Vergüenza y disgusto, disgusto y vergüenza!», pensaba Nejludov, volviendo a pie a su casa por un camino recorrido a menudo. La penosa impresión nacida en el de su conversación con Missy no se disipaba. Se sentía «formalmente» al abrigo de los reproches de la joven, en cuanto se trataba de declaración que hubiera podido comprometerlo; y sin embargo, no estaba menos ligado a ella. Lo comprendía, y con todas las fuerzas de su ser comprendía también la imposibilidad de casarse con ella.

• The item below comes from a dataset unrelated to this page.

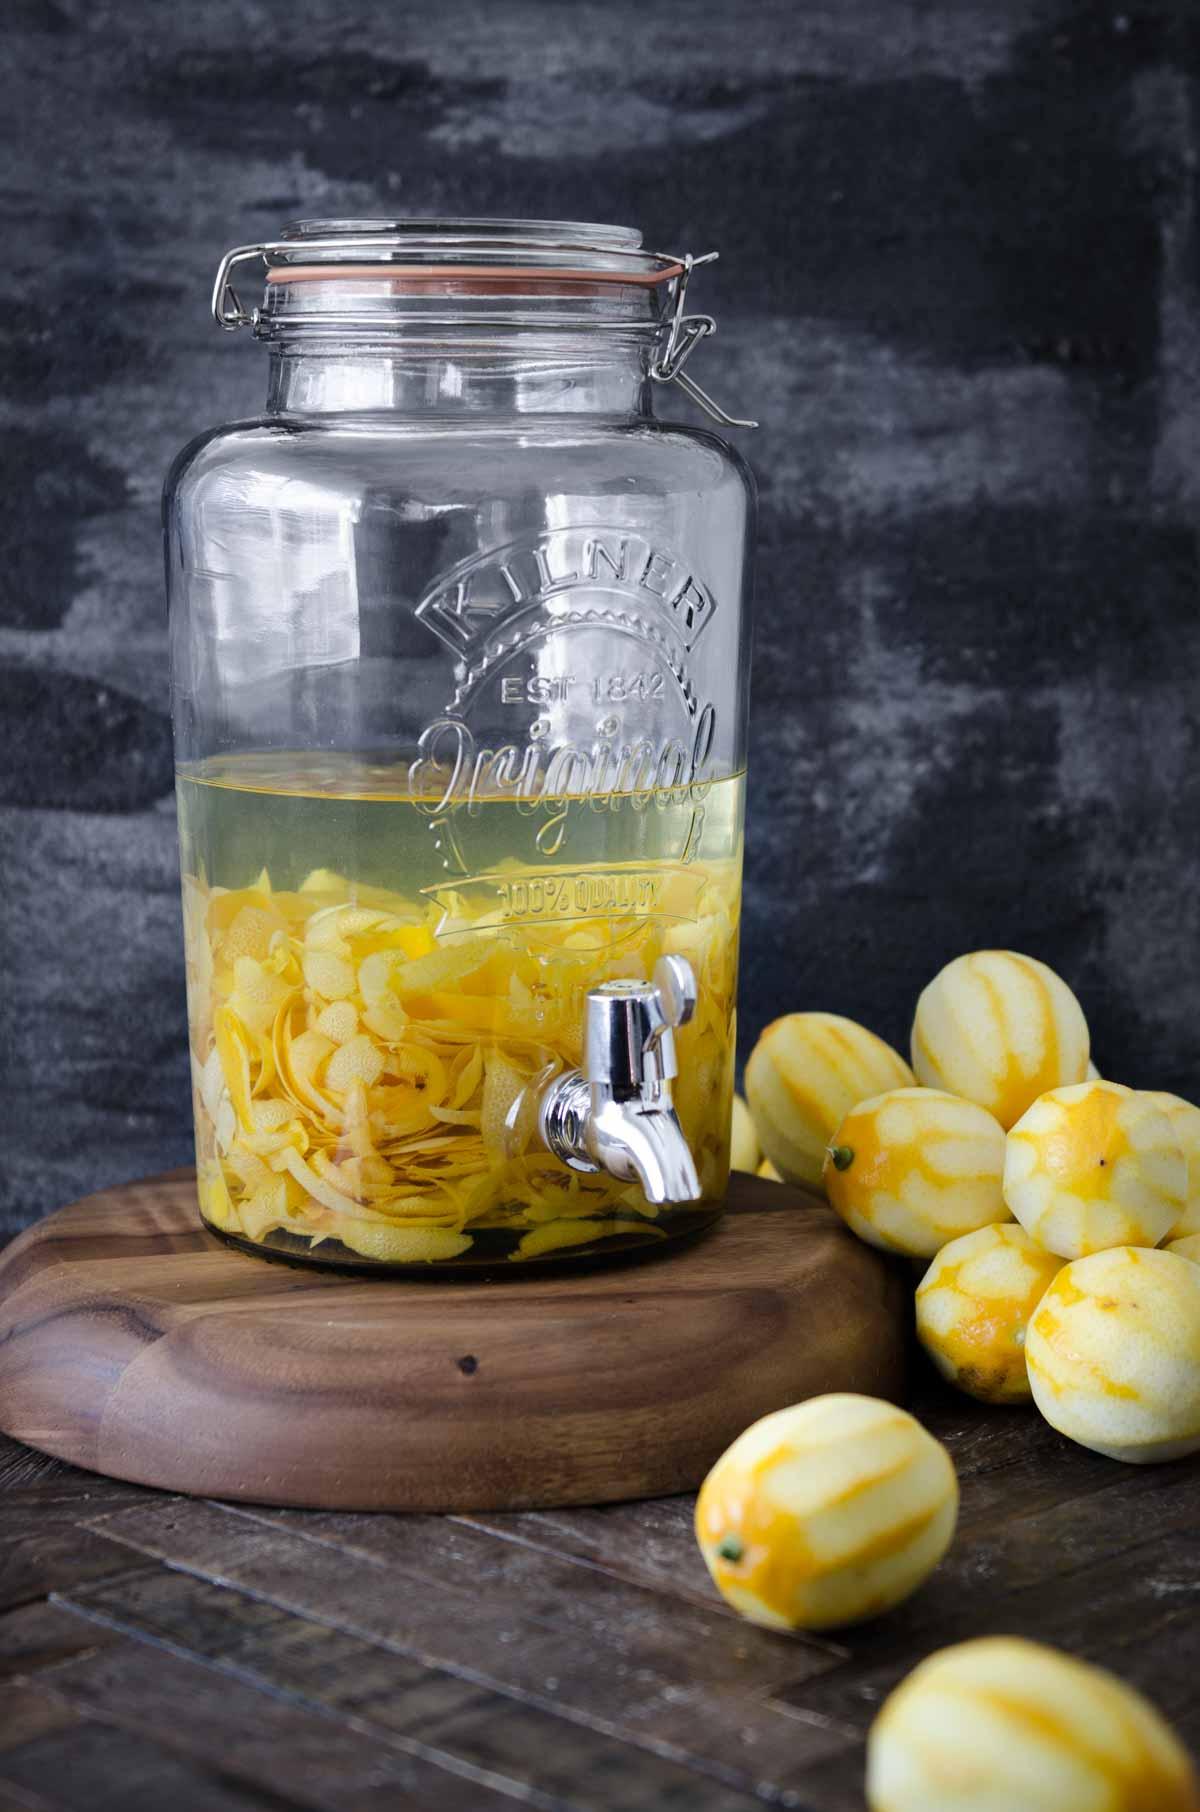 Homemade Limoncello | Chew Town Food Blog

¡Vergüenza y disgusto, disgusto y vergüenza!», se repetía ante el pensamiento no sólo de sus relaciones con Missy, sino de todo lo que lo rodeaba. «¡Todo es disgusto y vergüenza!», repitió, subiendo la escalinata de su casa.

-No cenaré -le dijo a su criado Kornei, quien lo esperaba en el comedor dispuesto a servirle-. Puede usted retirarse.

-A sus órdenes -respondió el criado, que, en lugar de marcharse, quitó la mesa.

Nejludov no pudo abstenerse de creer que el otro obraba así para contrariarlo. Miraba a Kornei con malhumor; habría querido que todo el mundo lo dejase en paz, y todo el mundo se ponía de acuerdo para llevarle la contraria.

Cuando Kornei salió, Nejludov se acercó al samovar para prepararse su té; pero oyó en la antecámara los pasos de Agrafena Petrovna, y, para no verla, salió precipitadamente y pasó al salón, cuya puerta cerró tras él. Tres meses antes, su madre había muerto en aquel salón. Dos lámparas de reflectores lo alumbraban, iluminando los dos grandes retratos del padre y de la madre de Nejludov colgados en la pared. Y éste se acordó de sus últimas relaciones con su madre. Falsas también, y, también allí, vergüenza y disgusto. Se acordaba de que en los últimos tiempos de la enfermedad de su madre había deseado positivamente su muerte. Era, había pensado entonces, para que se librase de sus sufrimientos; hoy comprendía que la había deseado para librarse él mismo de la vista de sus sufrimientos.